B64_VERYFAST_NEON64_CFLAGS="-mcpu=native" rebar3 compile
B64_VERYFAST_AVX2_CFLAGS="-mavx2" rebar3 compile
B64_VERYFAST_DIRTY_THRESHOLD=1048576 rebar3 compile
B64_VERYFAST_CFLAGS="-O3 -DNDEBUG" rebar3 compile

Flags such as -mcpu=native and -march=native optimize for the build host. They are appropriate for local deployment on the same CPU family, but may not be suitable for release artifacts that will be moved to older or different machines.

On x86, aklomp/base64 can compile multiple engines and choose among them at runtime. On ARM, the build enables the relevant NEON engine at compile time when the compiler accepts the selected flags.

Cross-compilation

Engine selection defaults to the build host's architecture (uname -m). To build for a different target — for example an Android arm64-v8a image built on an x86-64 host — point CC at the cross-compiler and set TARGET_ARCH to the target architecture:

CC=aarch64-linux-android21-clang TARGET_ARCH=aarch64 rebar3 compile

TARGET_ARCH drives engine selection alone, so this enables the NEON64 engine and skips the x86 engines with no per-engine overrides. Because -mcpu=native and -march=native are meaningless across hosts, native tuning is suppressed automatically when TARGET_ARCH differs from the build host, and each engine falls back to its portable baseline flag (-march=armv8-a for arm64). Override the engine flags with the B64_VERYFAST_* variables above if the target needs a specific micro-architecture, and set ERL_INCLUDE to the target runtime's erl_nif.h directory. A non-Linux build host targeting Linux or Android should also set SO_LDFLAGS=-shared so the output is an ELF shared object.

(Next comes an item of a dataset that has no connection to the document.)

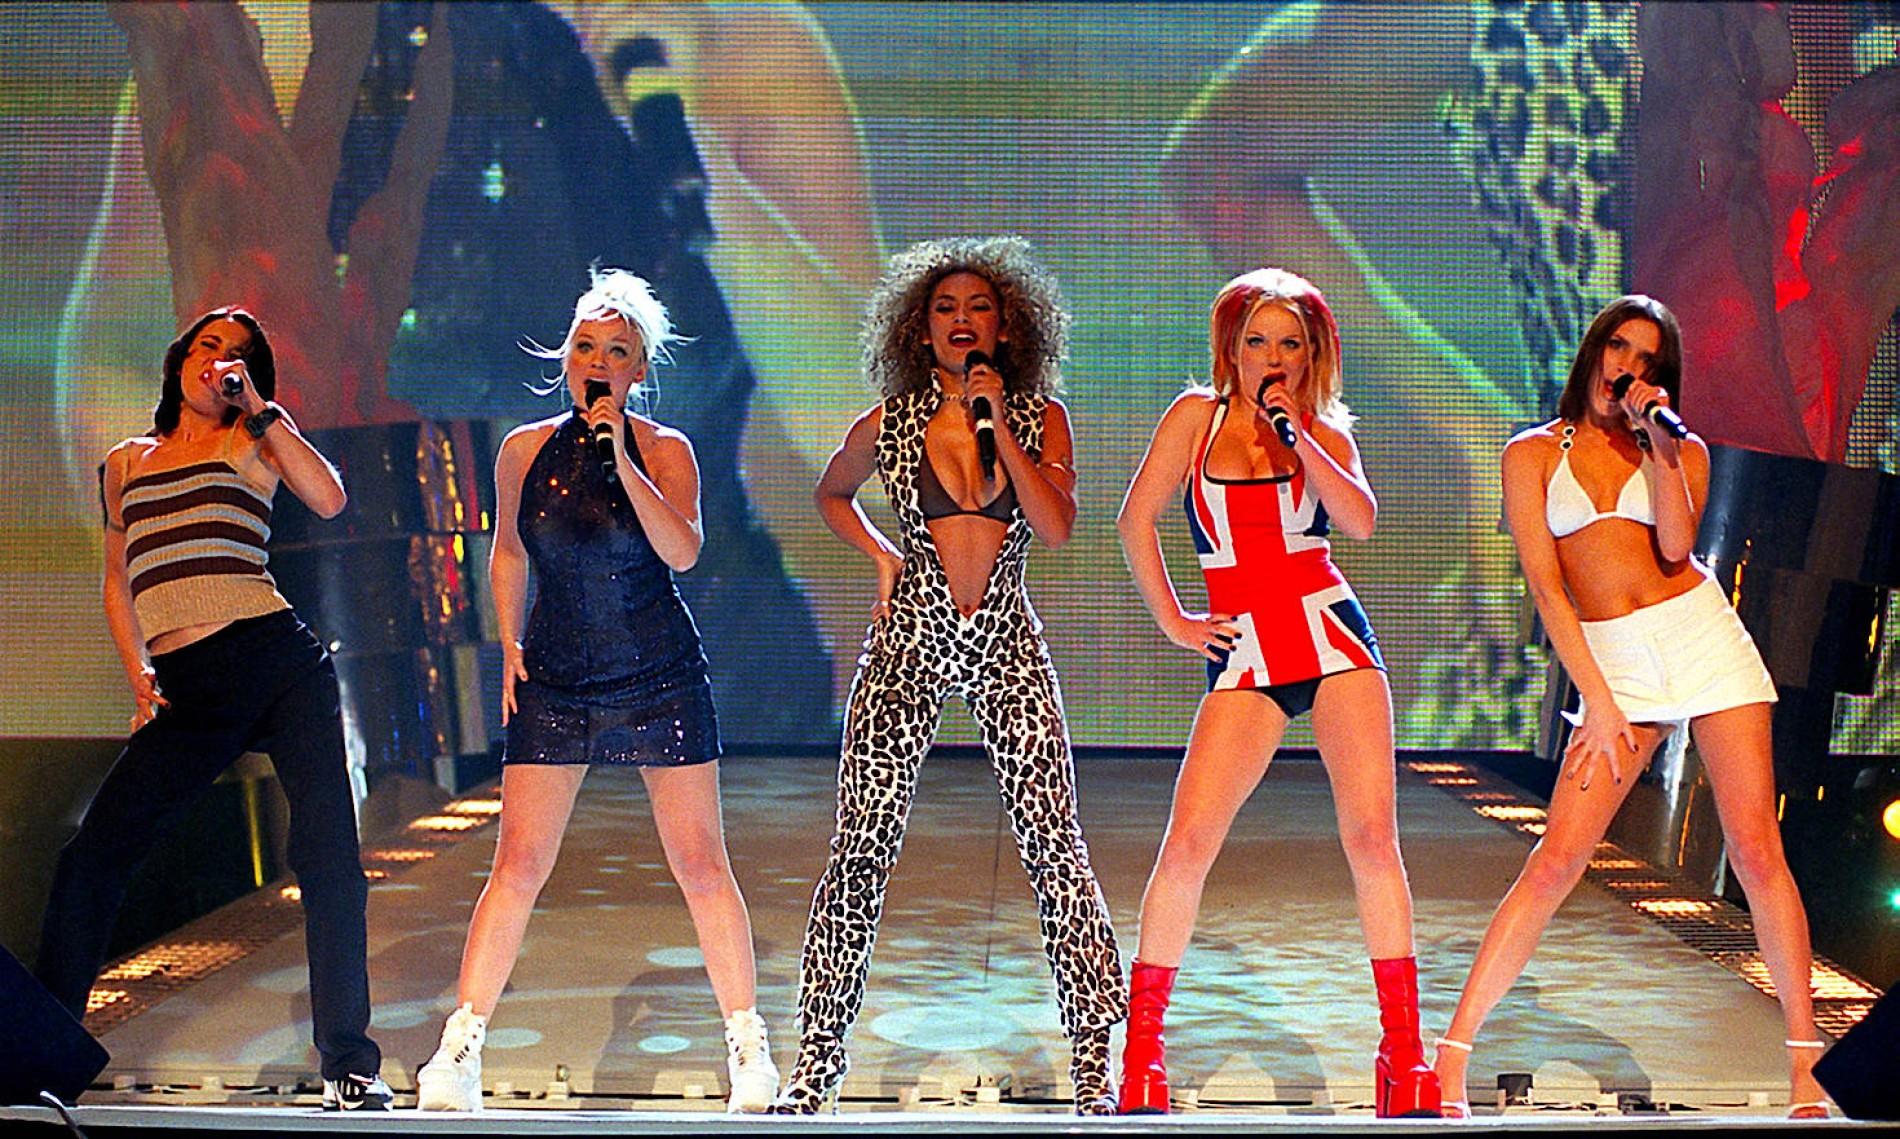 damals-die-spice-girls-1997.jpg

The generated c_src/aklomp/lib/config.h records which engines were enabled for a build. It is a build artifact and is removed by make clean.

Architecture

b64veryfast has three layers:

Layer	Role
`src/b64veryfast.erl`	Public Erlang module and NIF loader
`c_src/b64veryfast.c`	Erlang NIF boundary, memory handling, scheduling, flag selection
`c_src/aklomp/`	Vendored `aklomp/base64` codec backend

The NIF boundary is intentionally small:

Validate that input is a binary.
Inspect the input with enif_inspect_binary.
Ask the backend for the exact output size.
Allocate the output with enif_make_new_binary.
Pass the input pointer and output pointer to aklomp/base64.

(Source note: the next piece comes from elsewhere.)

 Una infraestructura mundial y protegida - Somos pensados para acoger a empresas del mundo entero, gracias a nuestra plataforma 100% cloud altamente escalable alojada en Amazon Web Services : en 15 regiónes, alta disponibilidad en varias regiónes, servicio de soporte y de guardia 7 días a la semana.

This means the hot path avoids avoidable copies:

The input is read from Erlang-owned binary memory and is never mutated.
The output is a freshly allocated Erlang binary, so C writes only into memory it has just received for that purpose.
There is no Erlang-level post-processing pass for URL-safe output.

Large calls are scheduled on dirty CPU schedulers at 2 MiB and above by default. Small calls run on normal schedulers to avoid dirty scheduler overhead. This threshold follows Erlang/OTP's practical rule that ordinary NIF calls should complete in about 1 ms or less. On the benchmark host, even a generic non-NEON build decoded 1 MiB in roughly 234 us, so 2 MiB leaves headroom while avoiding the throughput notch caused by moving medium-size payloads to dirty schedulers too early. Dirty NIFs still consume dirty CPU schedulers and memory bandwidth, so high-concurrency large-payload workloads should be capacity-tested under realistic load. Override the cutoff with B64_VERYFAST_DIRTY_THRESHOLD when a target host needs a more conservative or more aggressive pivot.

The vendored backend carries URL-safe and no-padding flags used by the _url functions. Decode functions accept padded or unpadded input for their respective alphabets, preserving useful original b64fast compatibility. Decoding does not ignore whitespace.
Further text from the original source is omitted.